*** Data segment ***

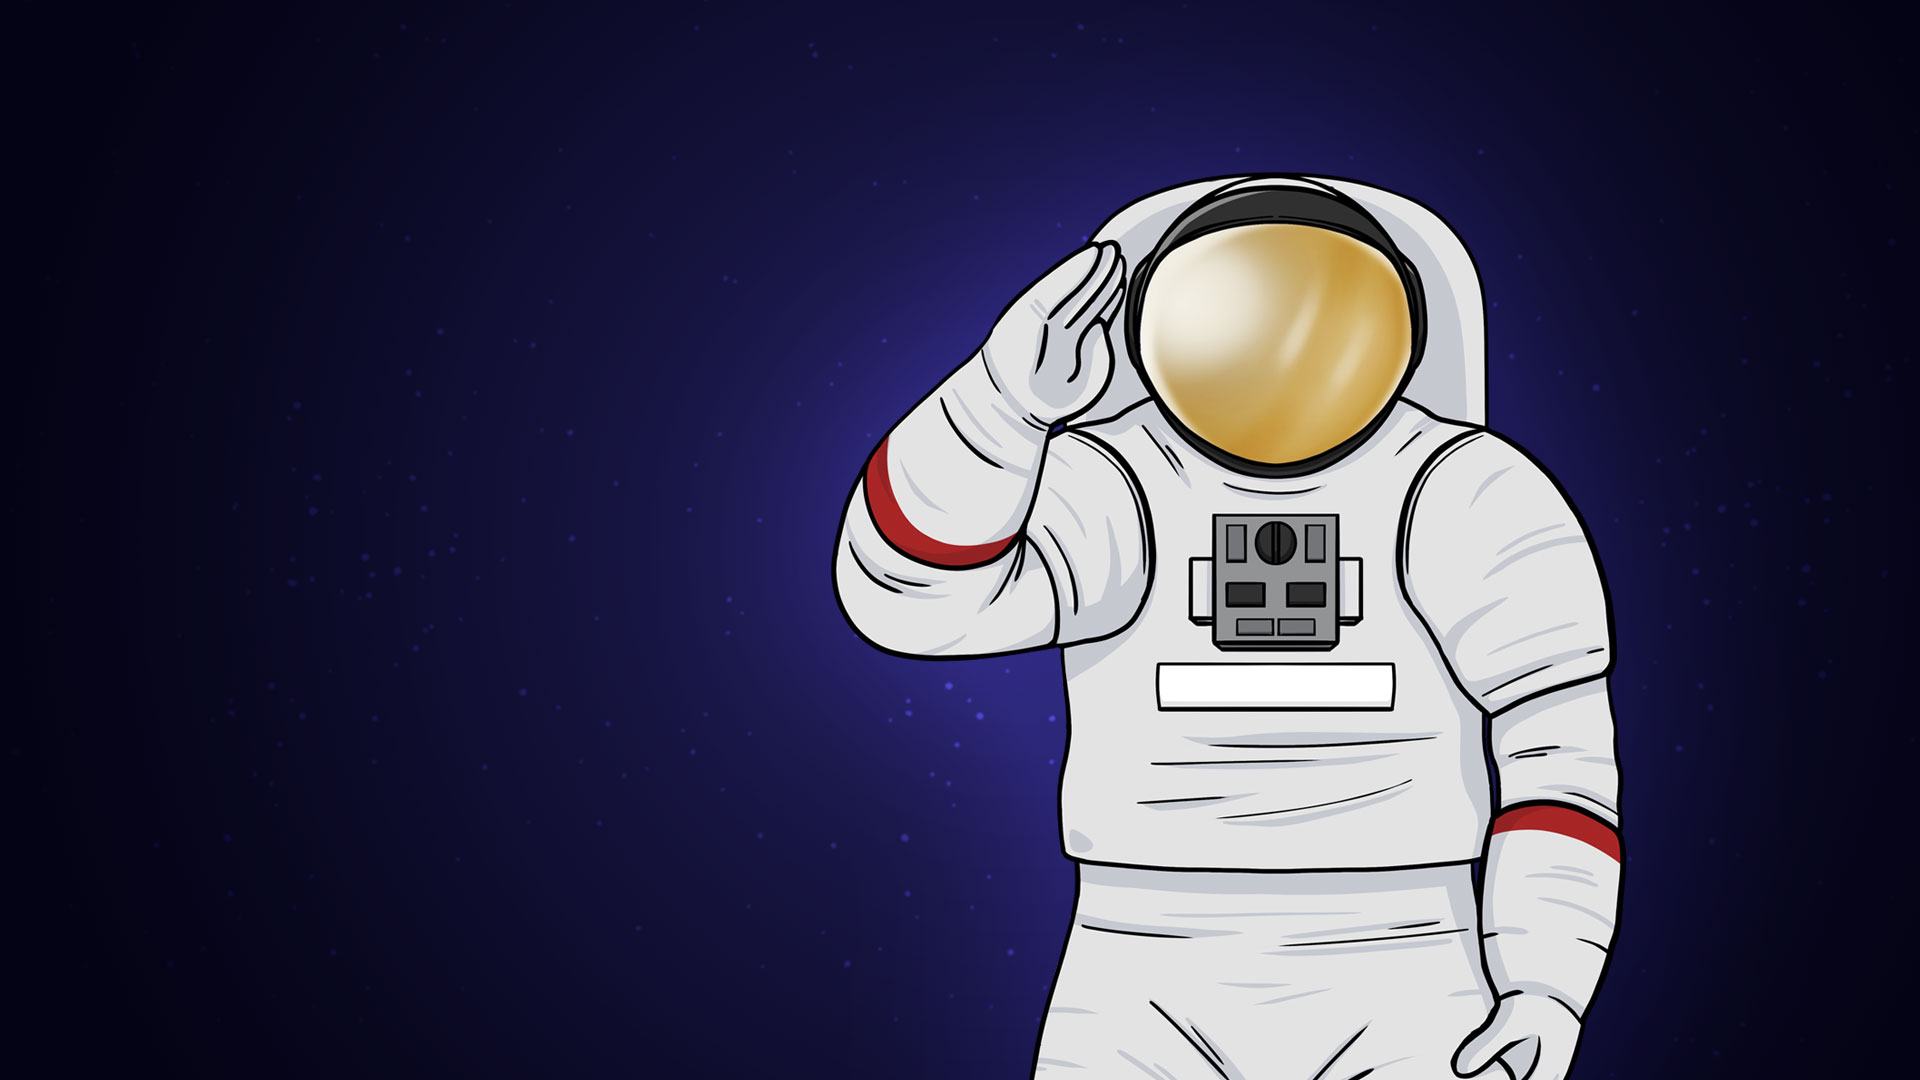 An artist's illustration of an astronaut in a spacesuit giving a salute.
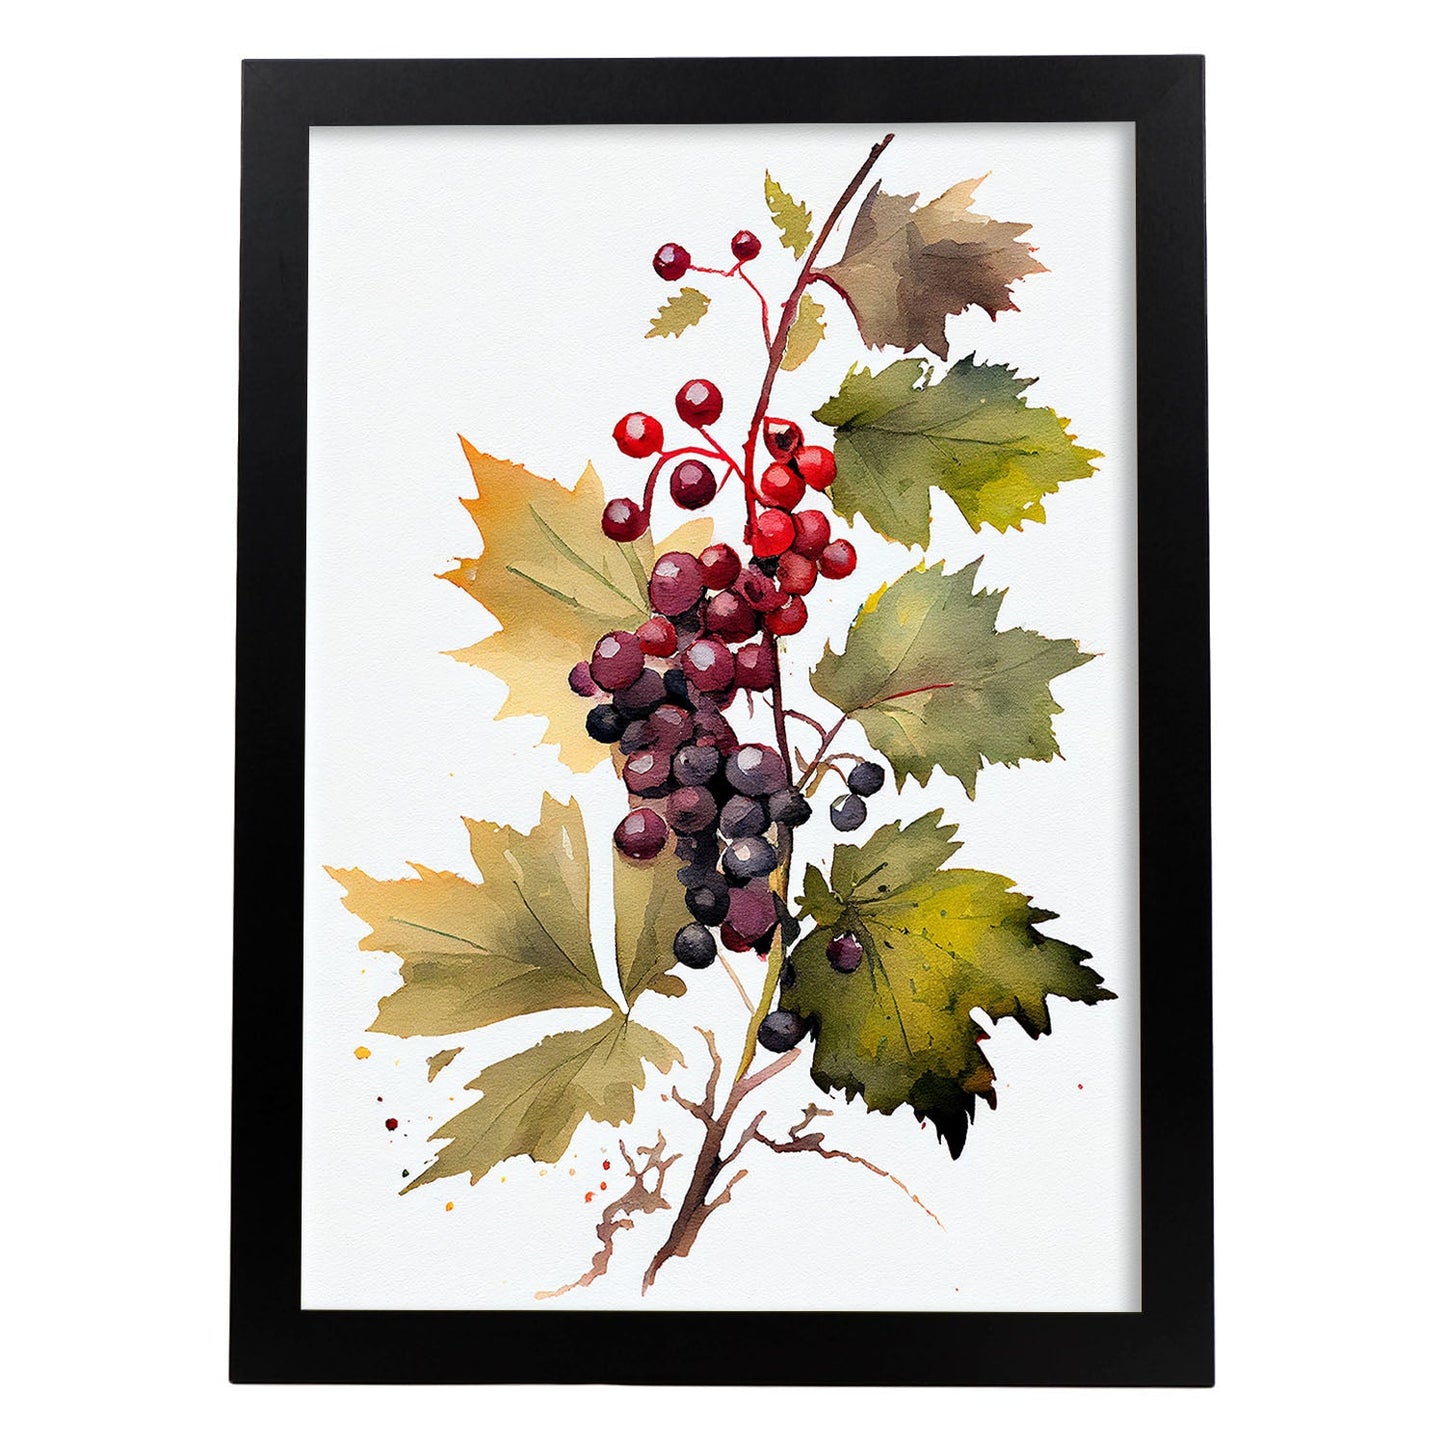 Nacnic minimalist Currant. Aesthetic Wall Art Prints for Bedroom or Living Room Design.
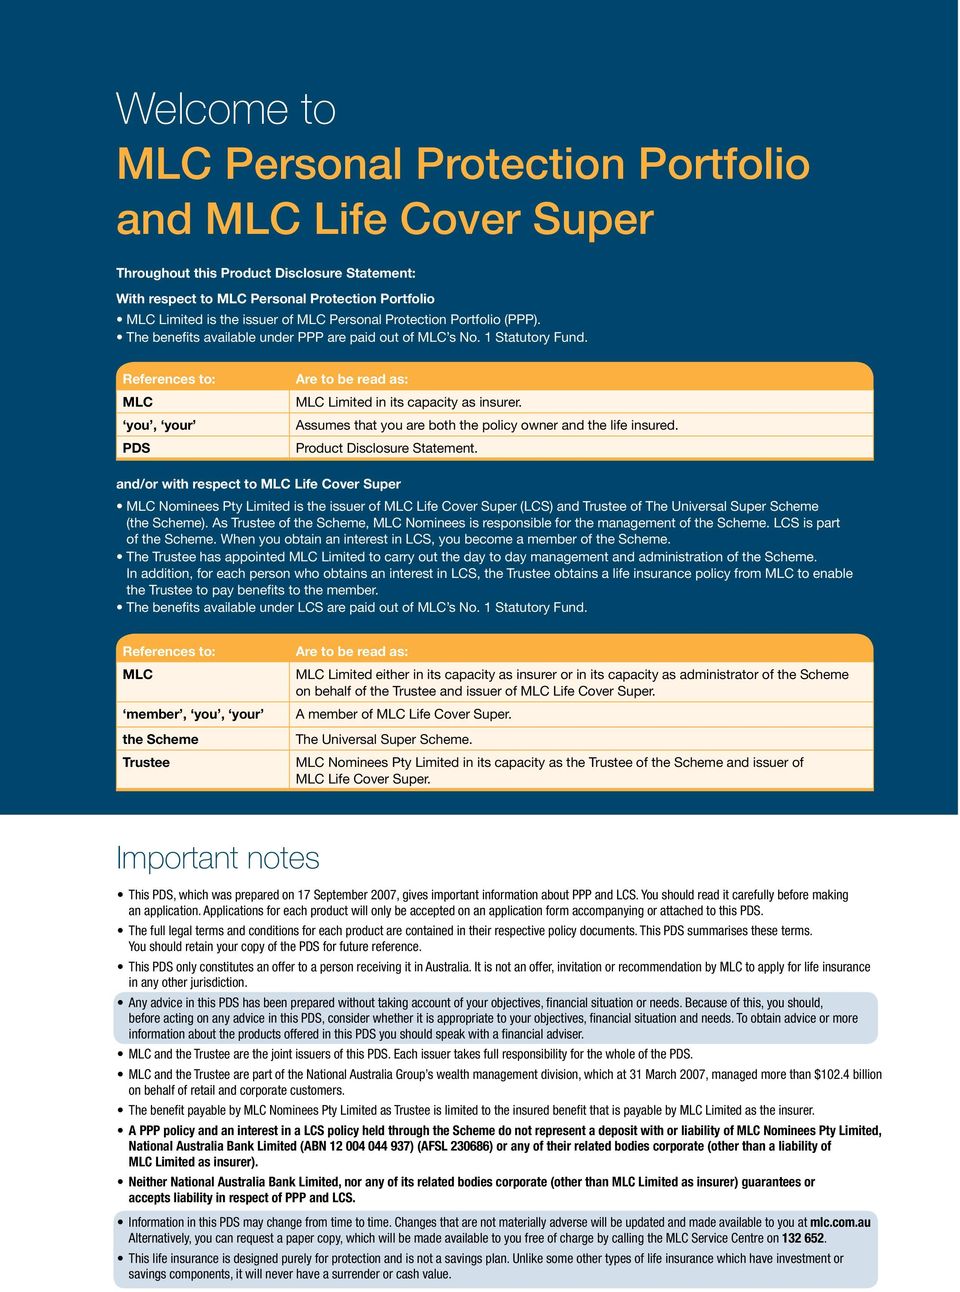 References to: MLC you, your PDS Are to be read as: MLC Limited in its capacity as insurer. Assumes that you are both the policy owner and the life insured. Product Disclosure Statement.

*** End of Data segment ***

What the task requires:
I'd like the material above repeated exactly, with the pictures omitted.

Answer section:
 An artist's illustration of an astronaut in a spacesuit giving a salute.
 Nacnic minimalist Currant. Aesthetic Wall Art Prints for Bedroom or Living Room Design.
 References to: MLC you, your PDS Are to be read as: MLC Limited in its capacity as insurer. Assumes that you are both the policy owner and the life insured. Product Disclosure Statement.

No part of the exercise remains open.